PROBLEM DETAILS —
Give back exactly the lines starting at the one with "Kirk Norcross, From" and ending at the last line of the data below. Pictures are not part of the copy.

INPUT DATA —
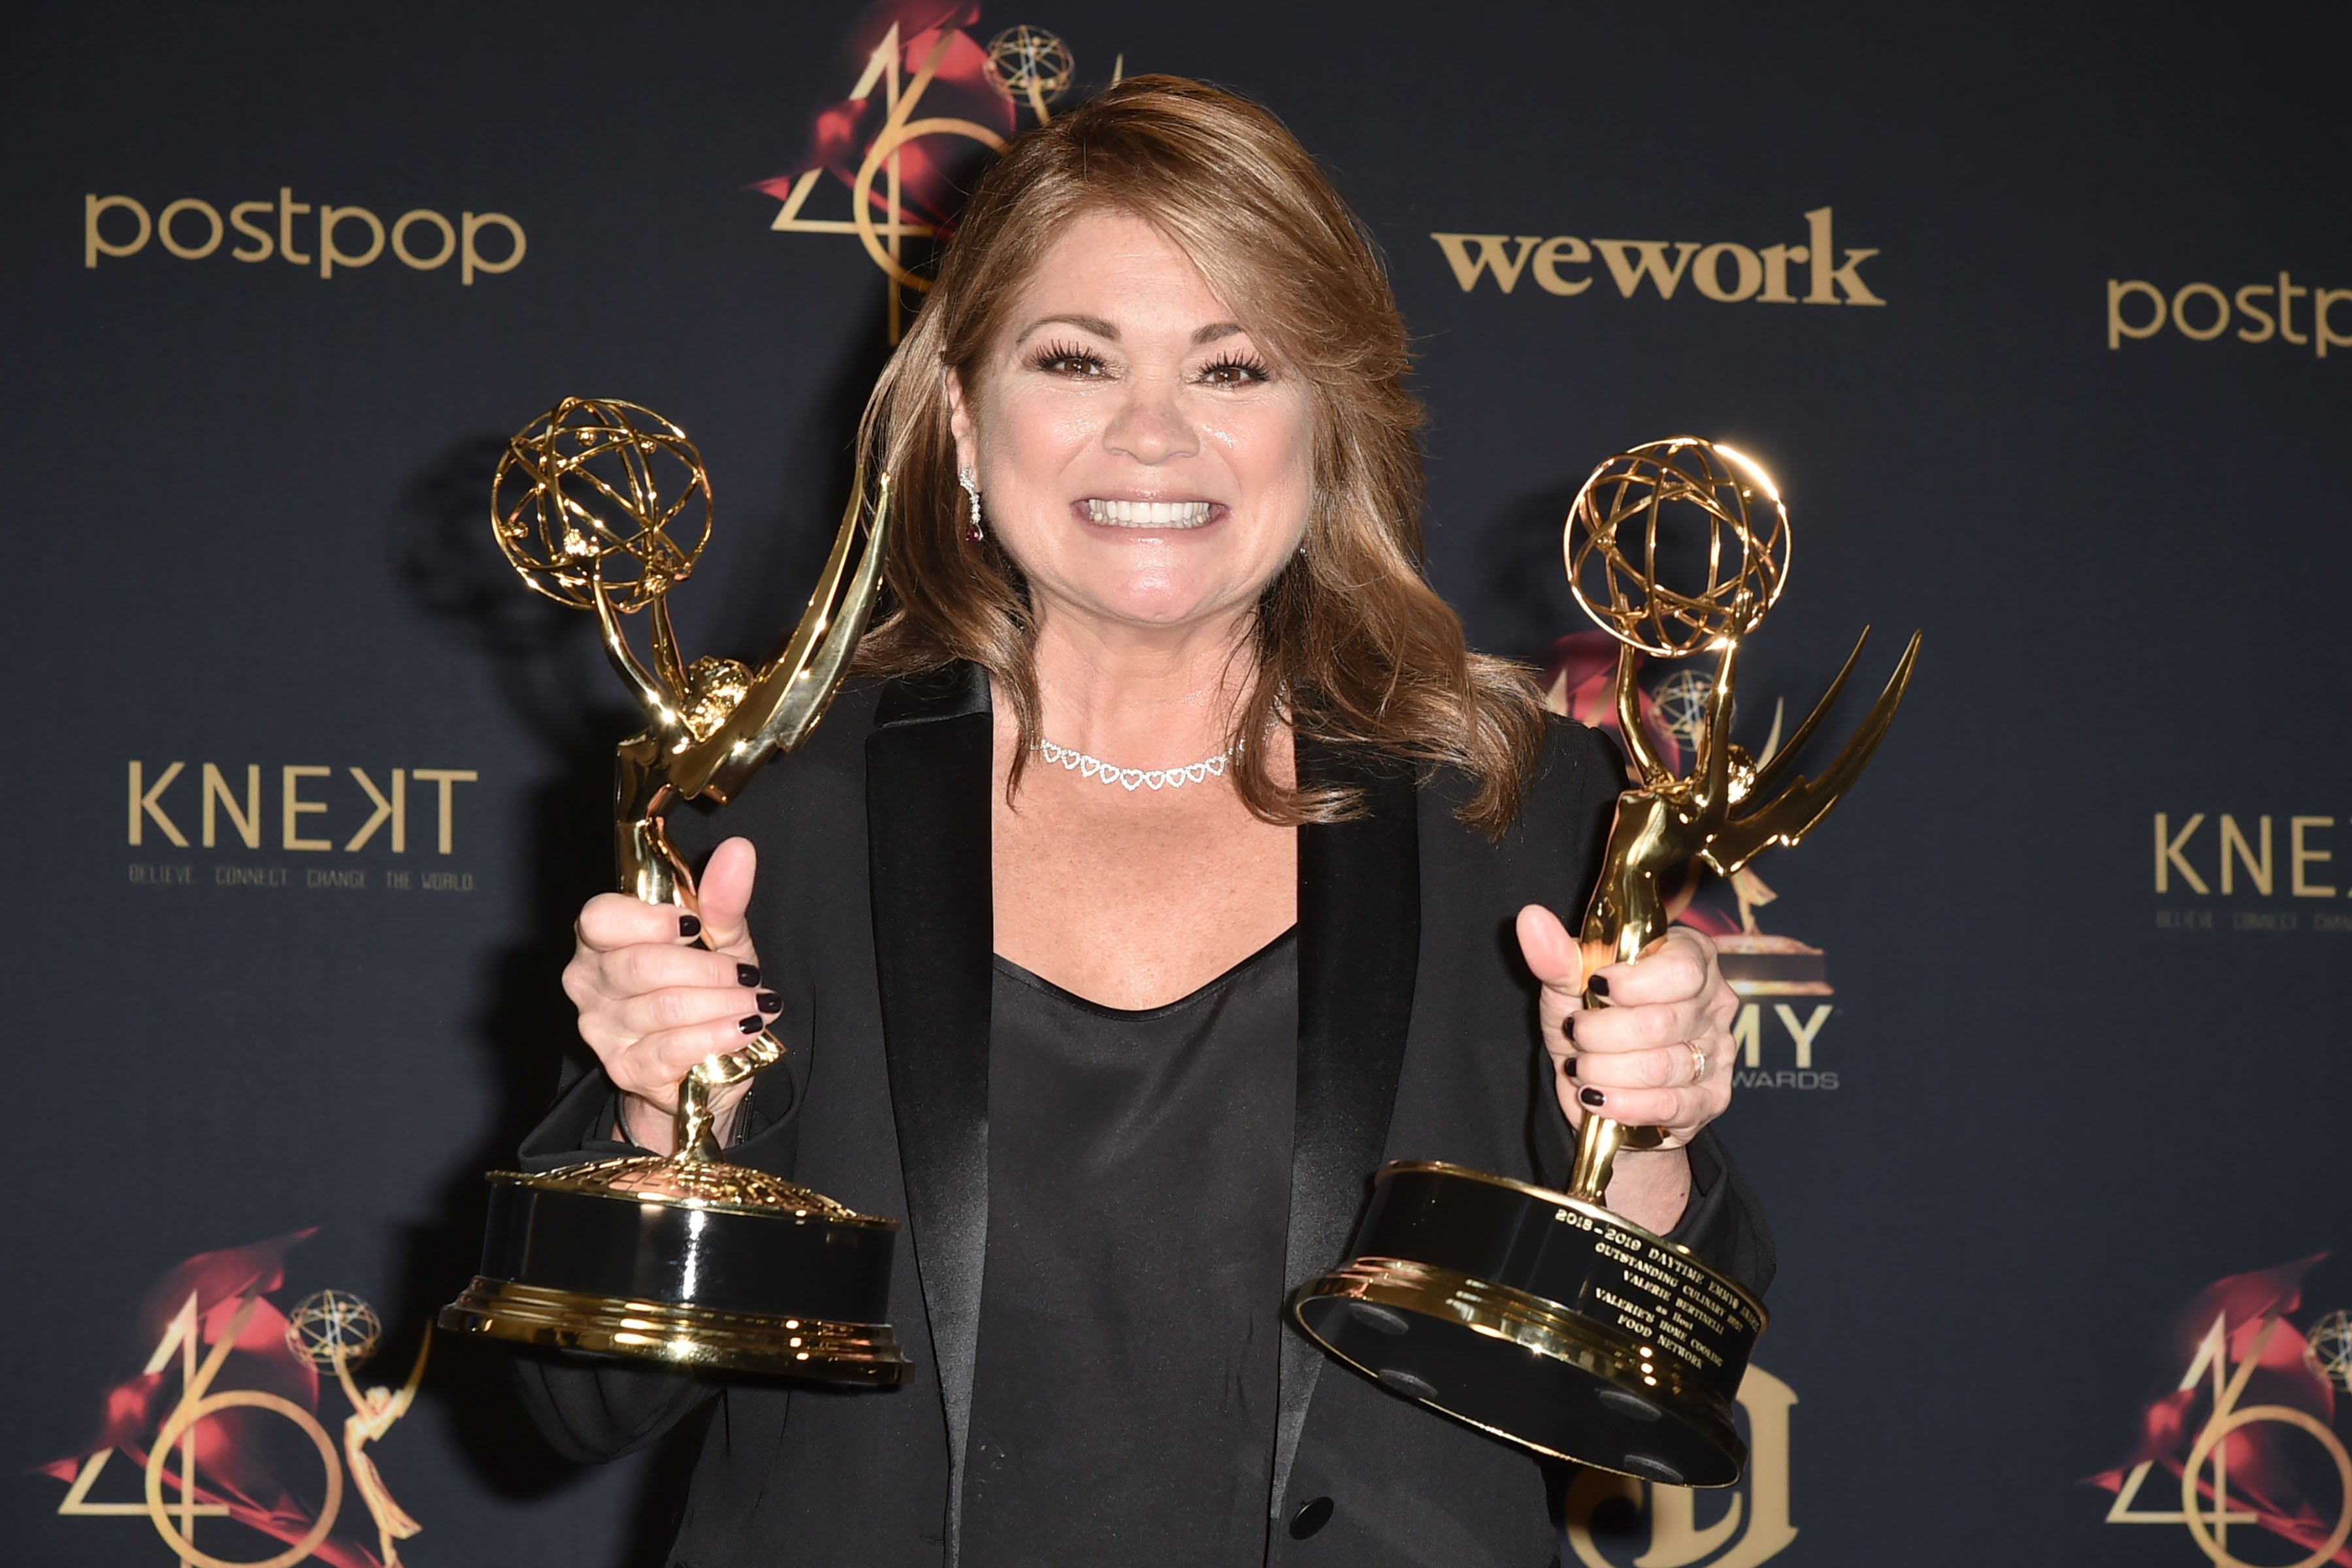 Food Network personality Valerie Bertinelli shows off her 2 Daytime Emmy awards in 2019.
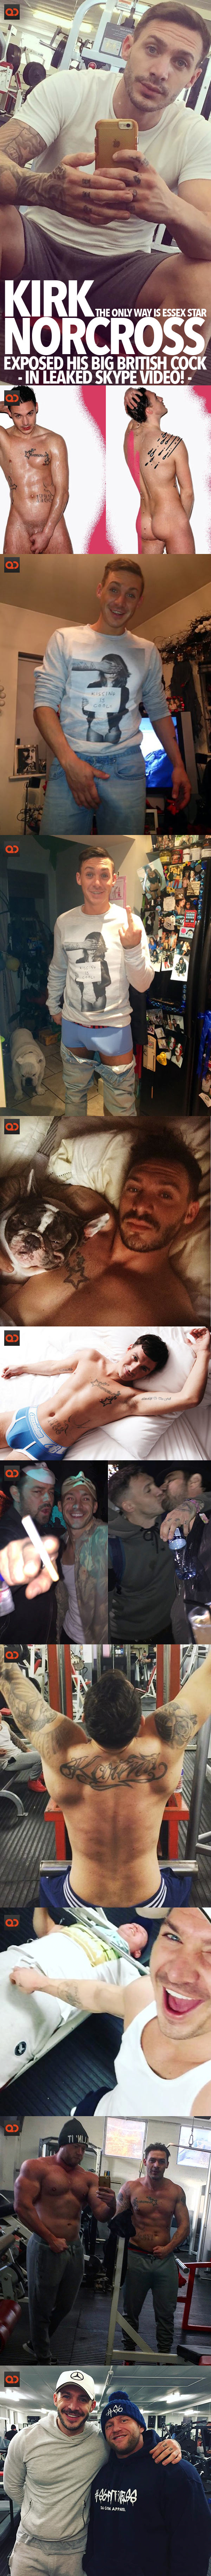 Kirk Norcross, From The Only Way Is Essex, Exposed His Big British Cock In Leaked Skype Video!
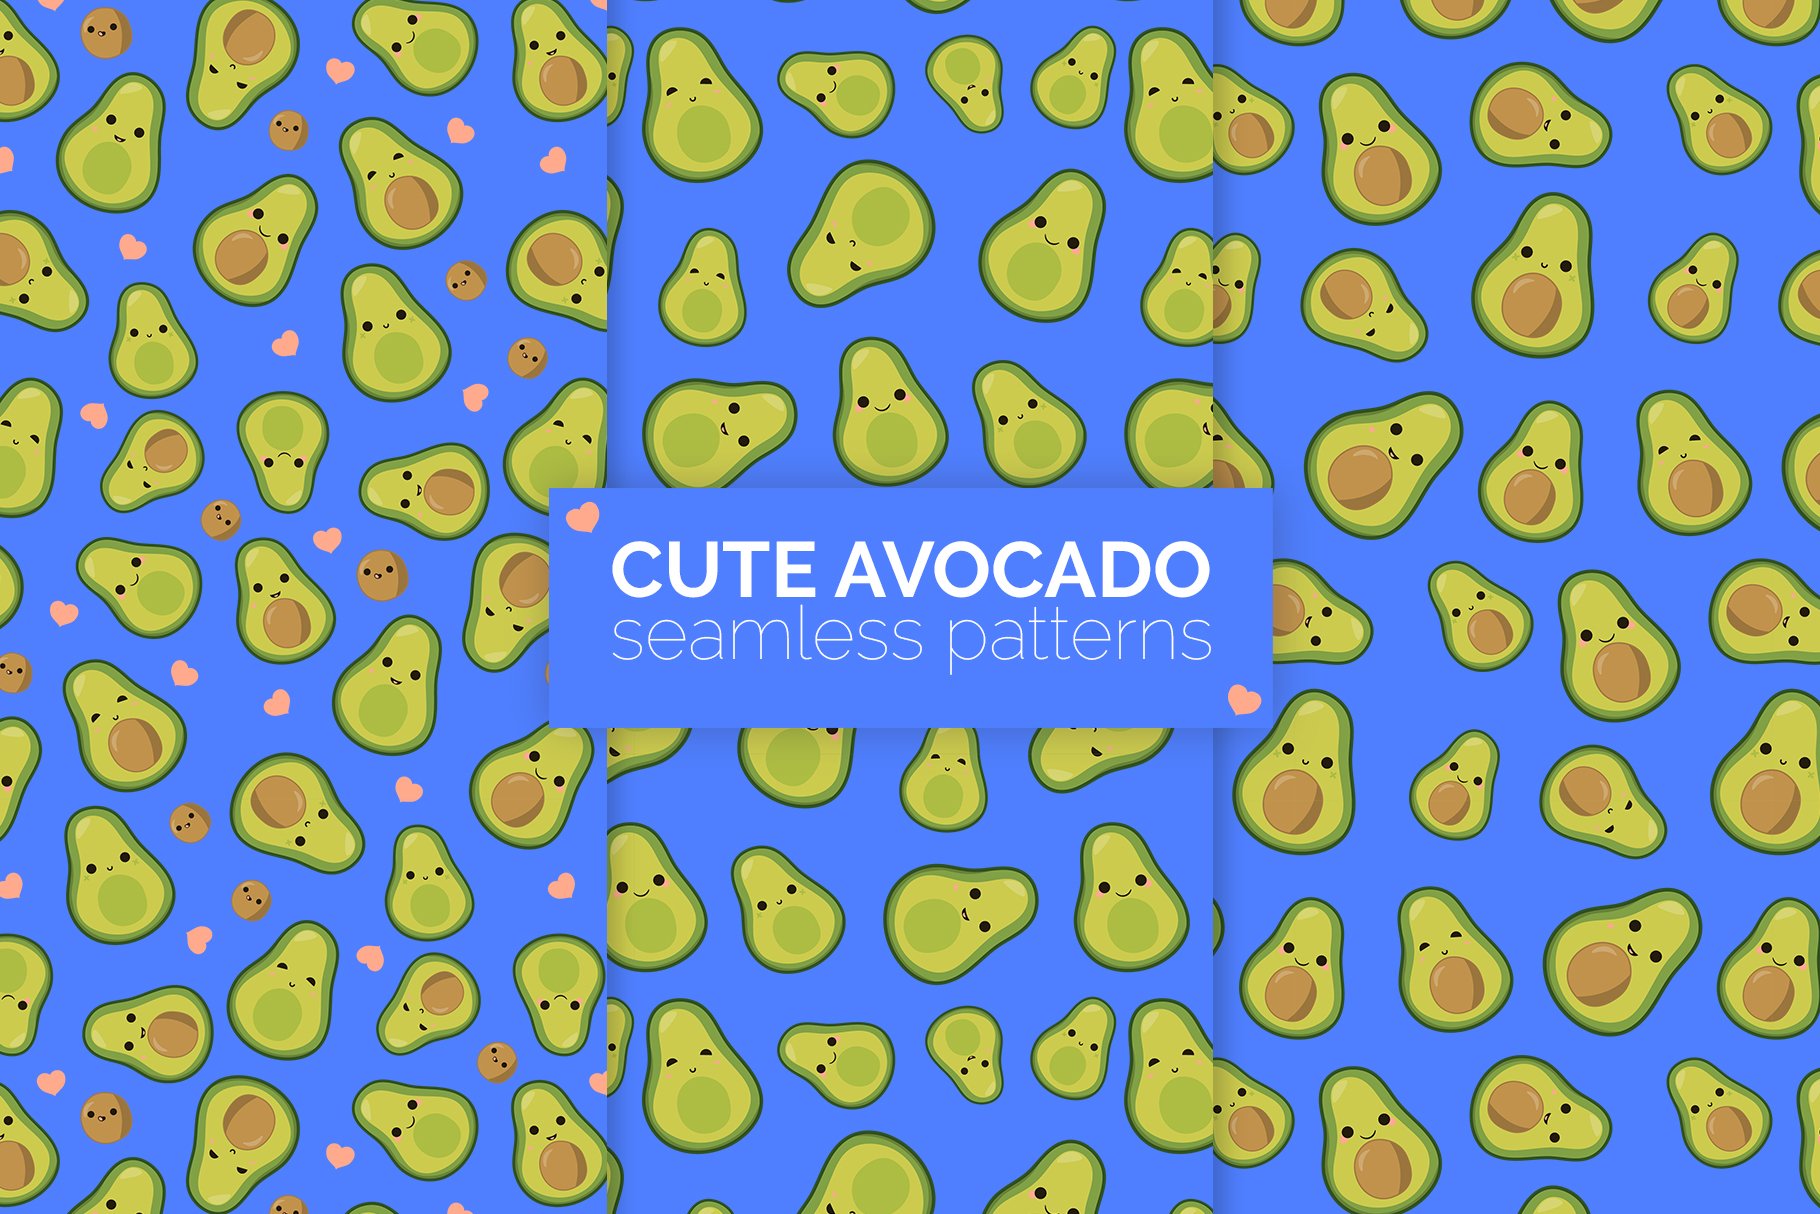 Cute Avocado Seamless Patterns cover image.

ANSWER TO THIS PROBLEM —
 Kirk Norcross, From The Only Way Is Essex, Exposed His Big British Cock In Leaked Skype Video!
 Cute Avocado Seamless Patterns cover image.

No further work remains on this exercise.